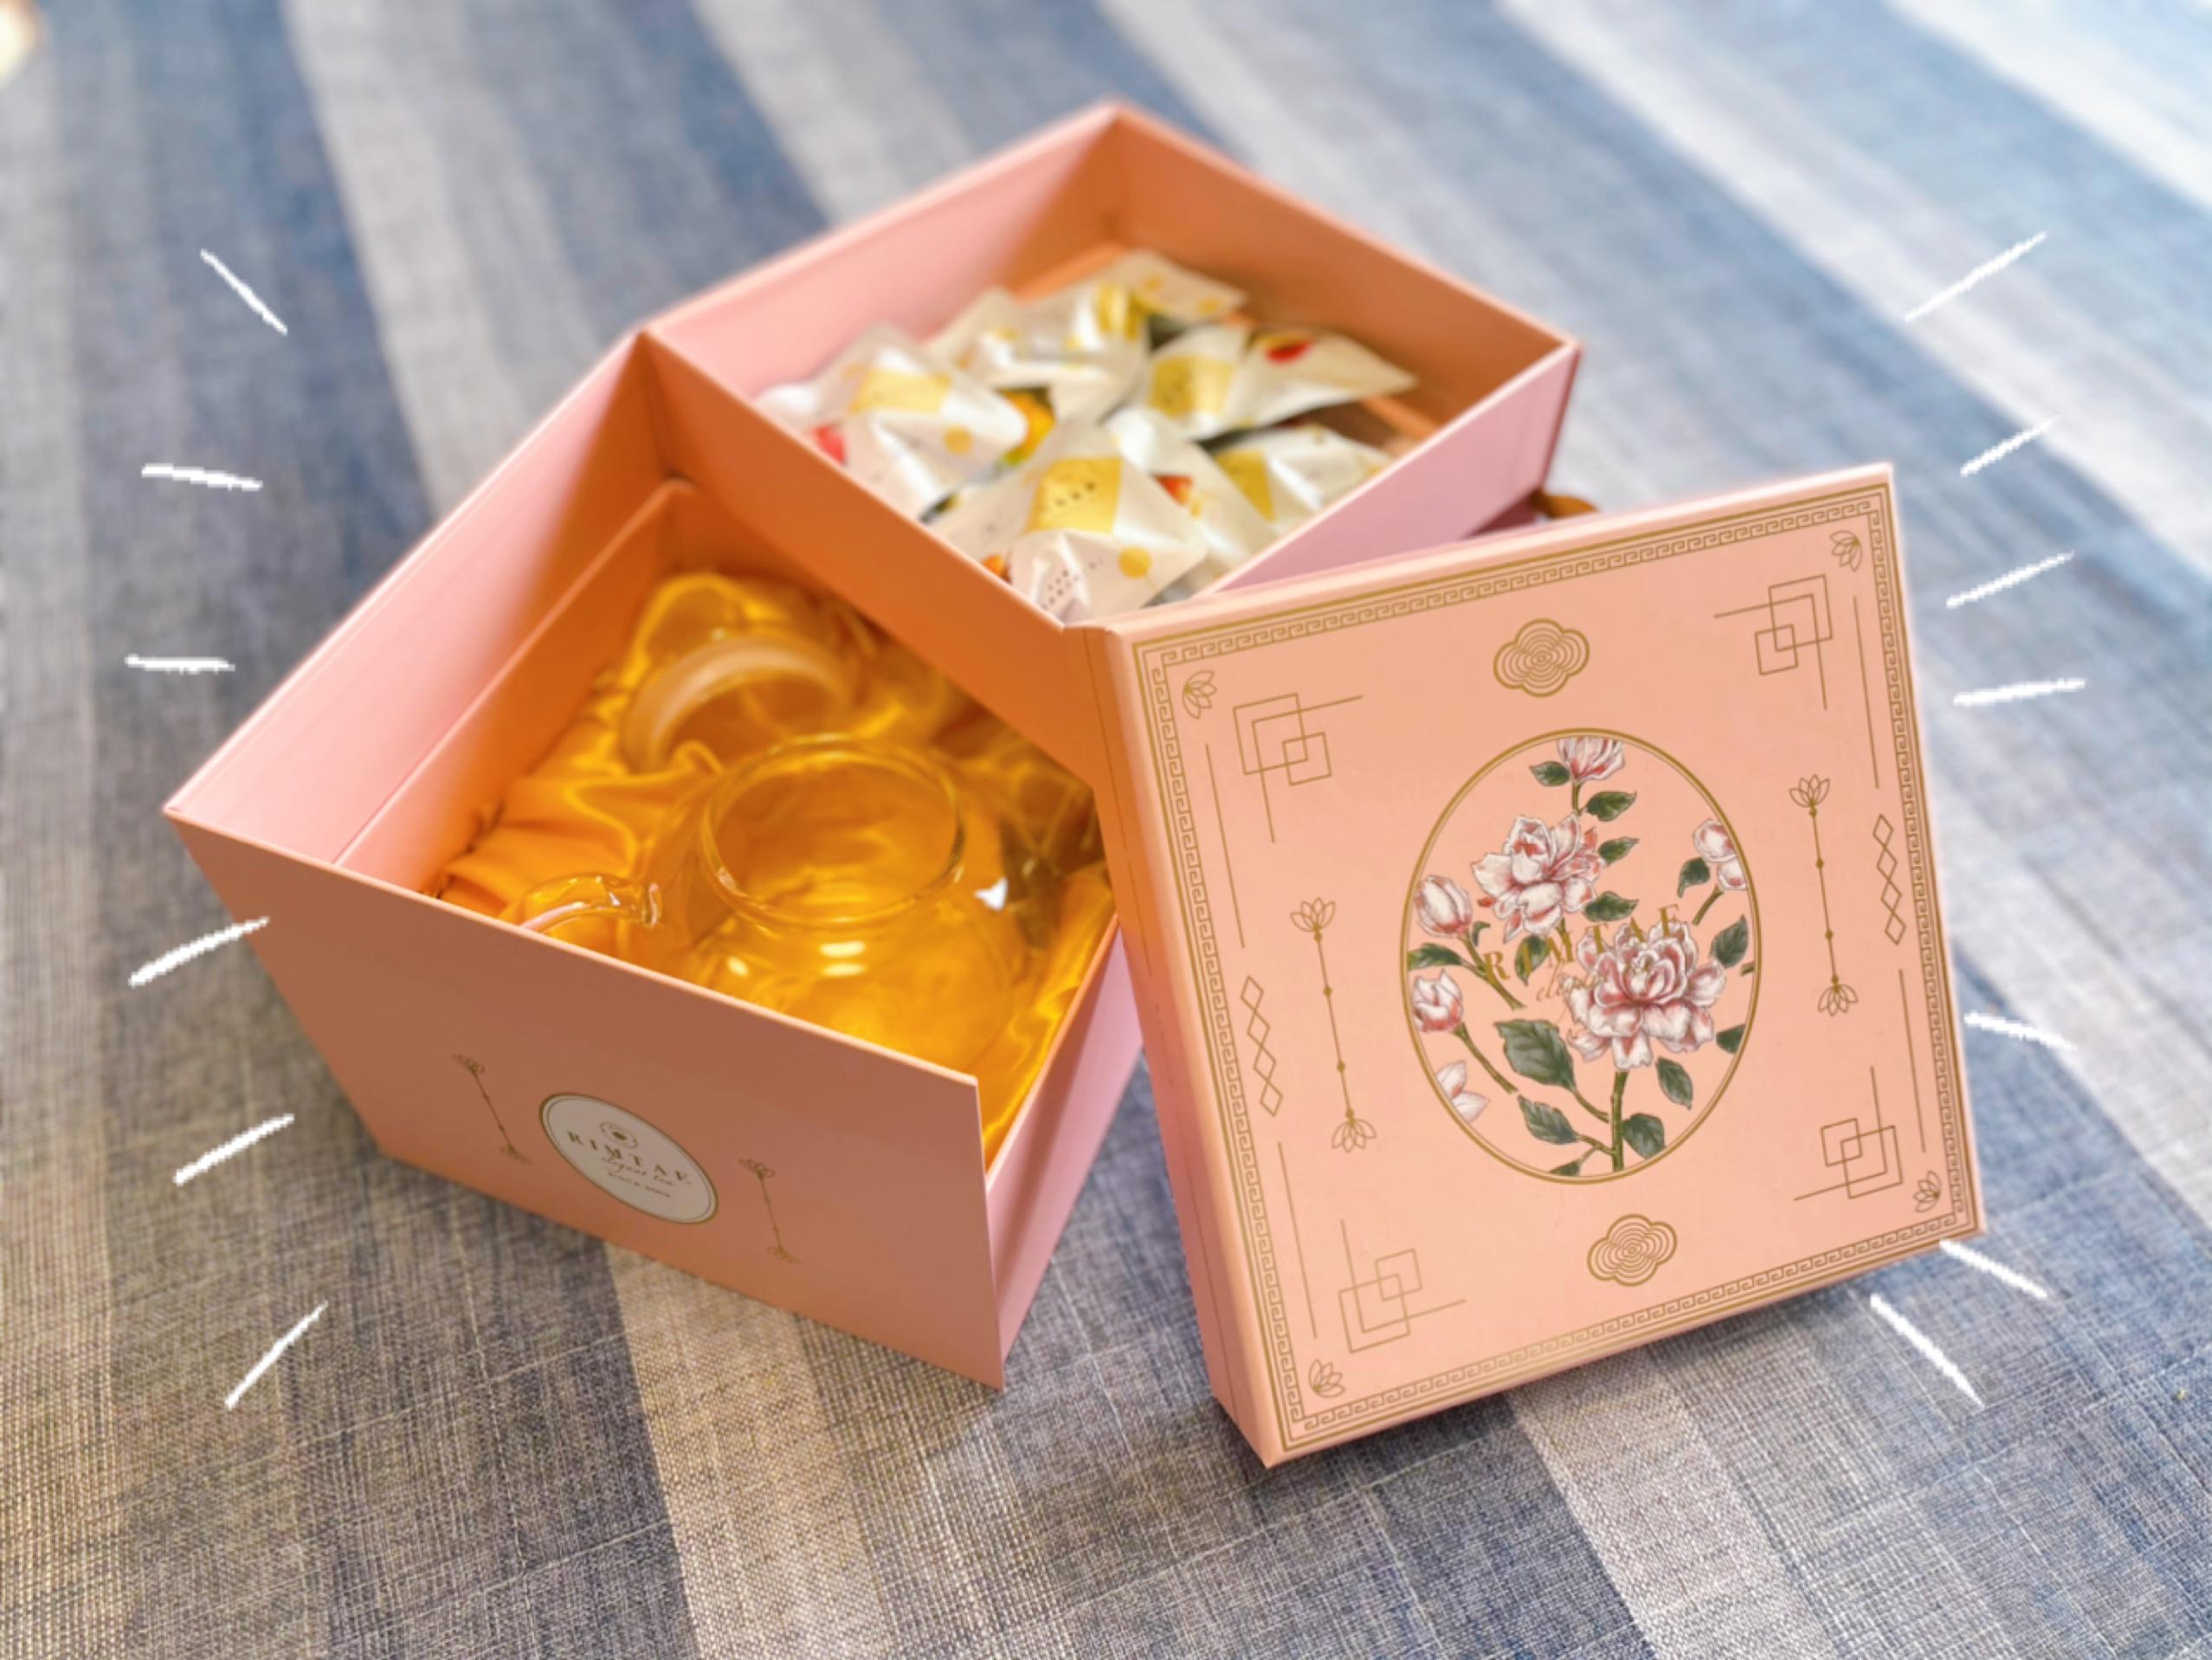 工芸茶の茶葉やガラスティーポットがセットに入っている箱
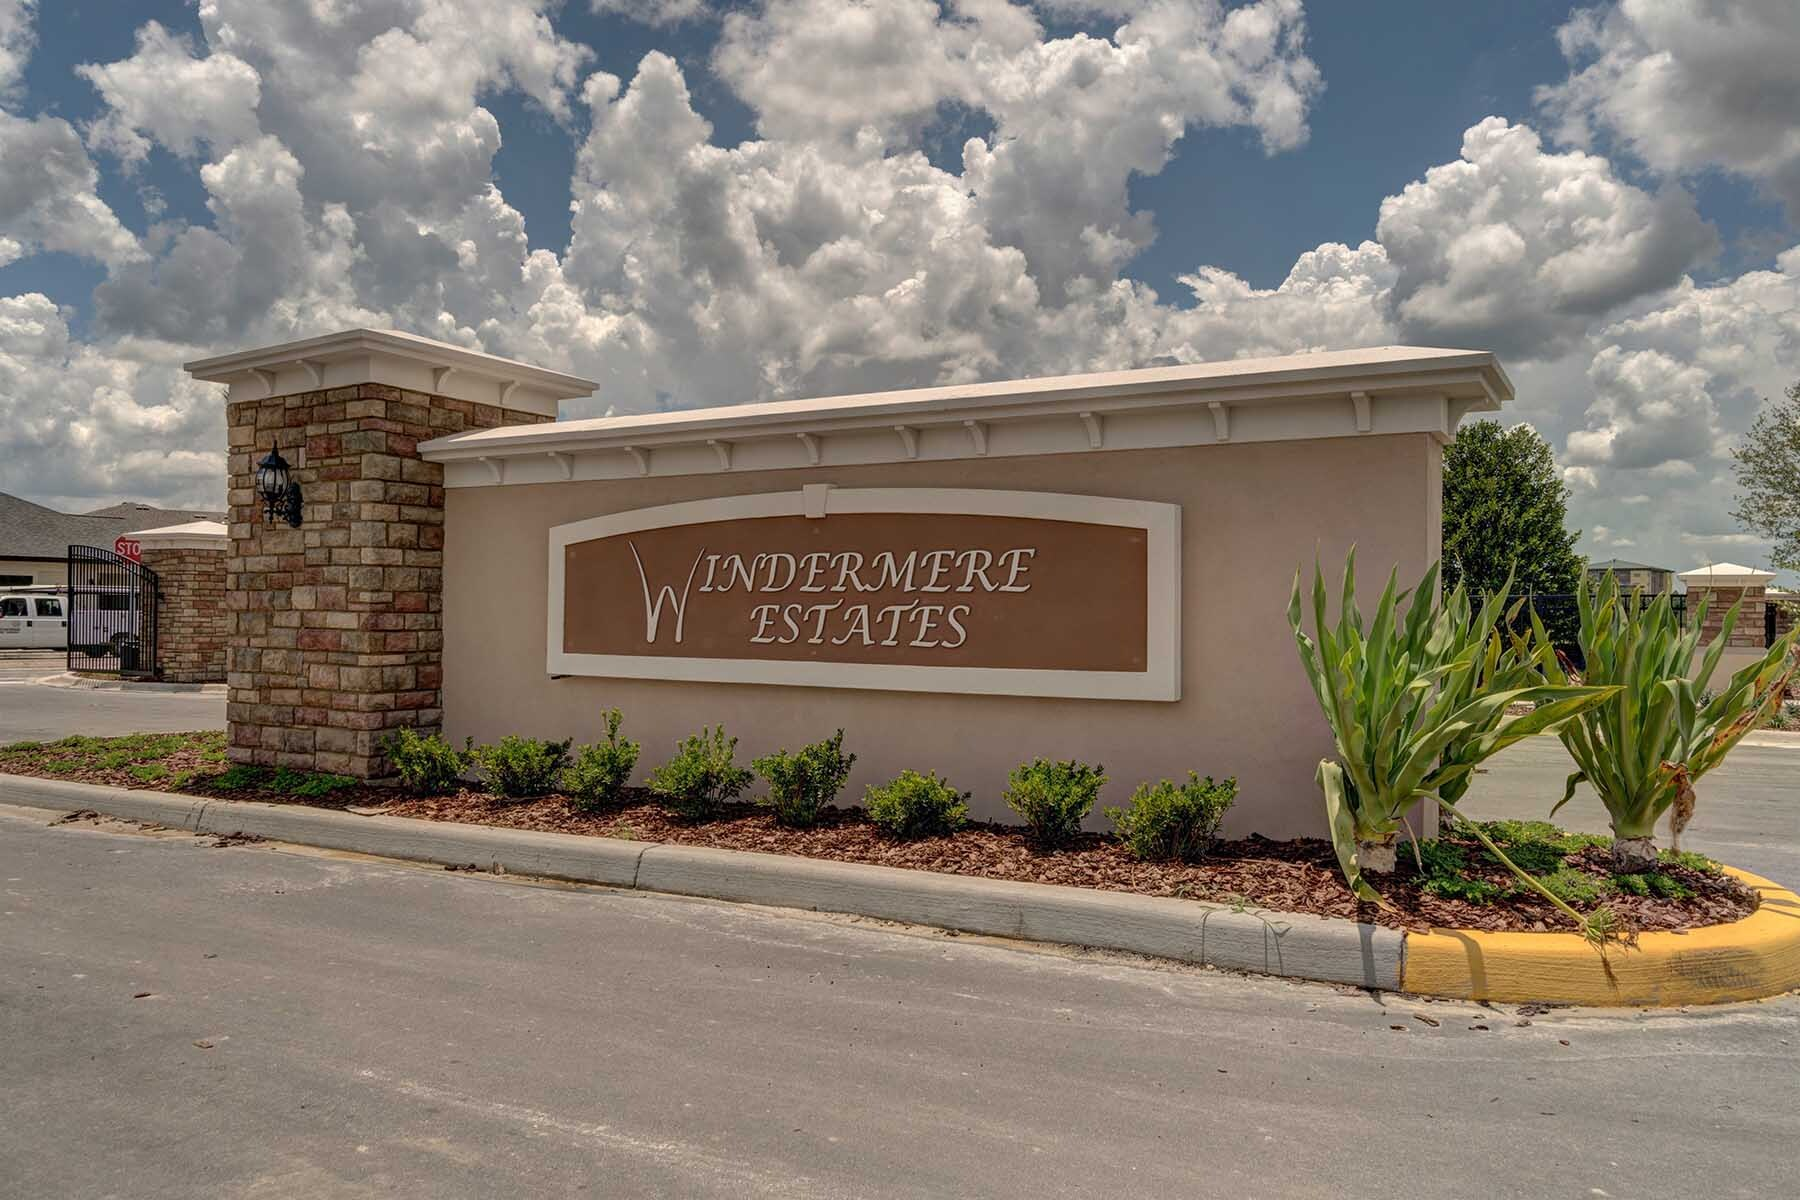 Windermere Estates Entrance
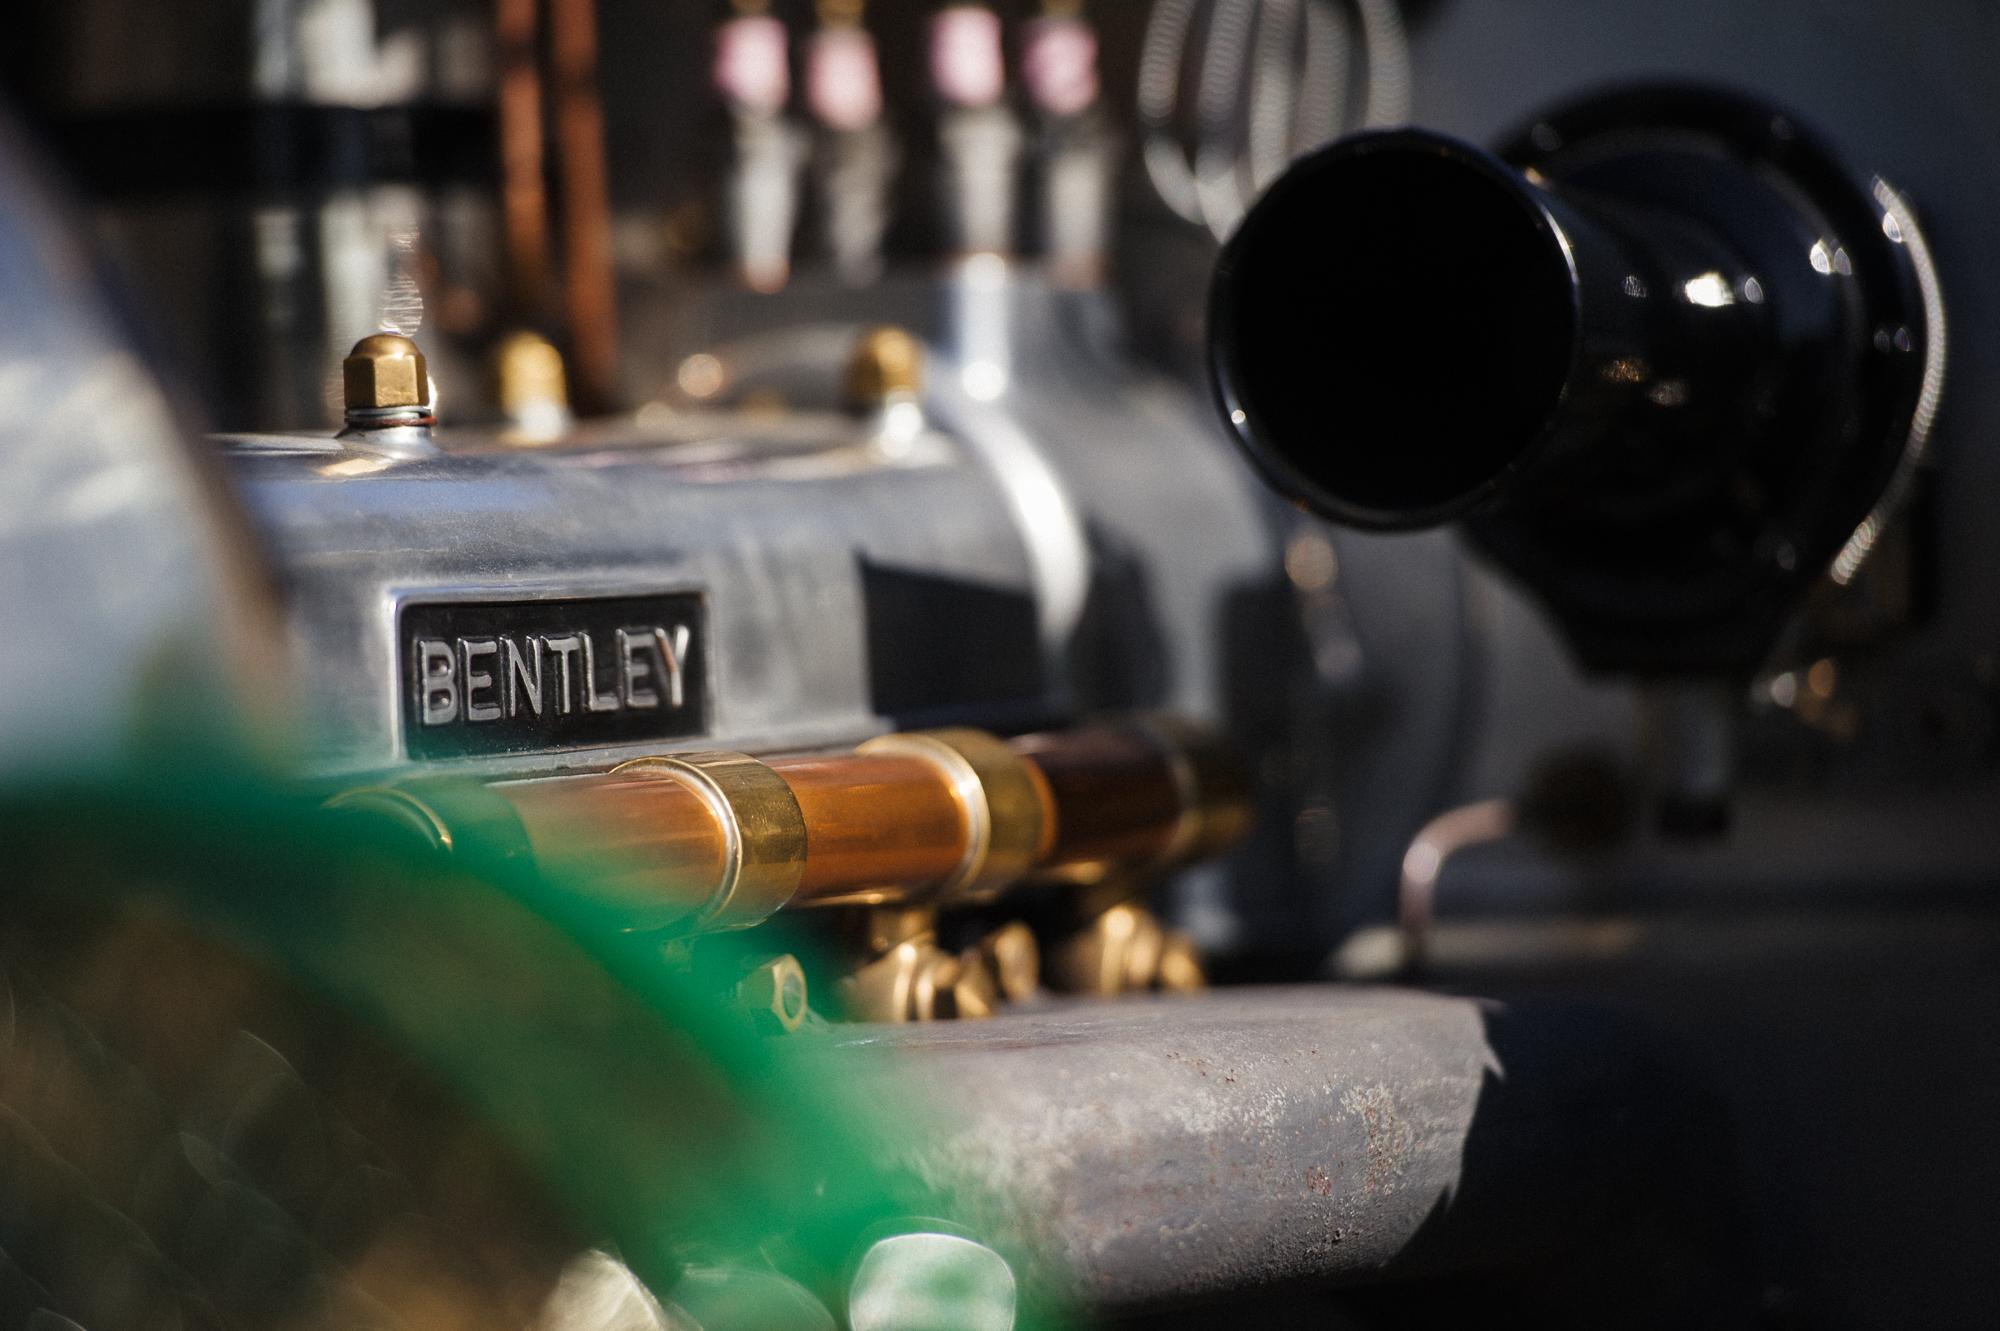 Bentley_3-4.5_LeMans_071.jpg

• Exercise: Transcribe the listing above verbatim. Omit the pictures.

• Response area:
 工芸茶の茶葉やガラスティーポットがセットに入っている箱
 Windermere Estates Entrance
 Bentley_3-4.5_LeMans_071.jpg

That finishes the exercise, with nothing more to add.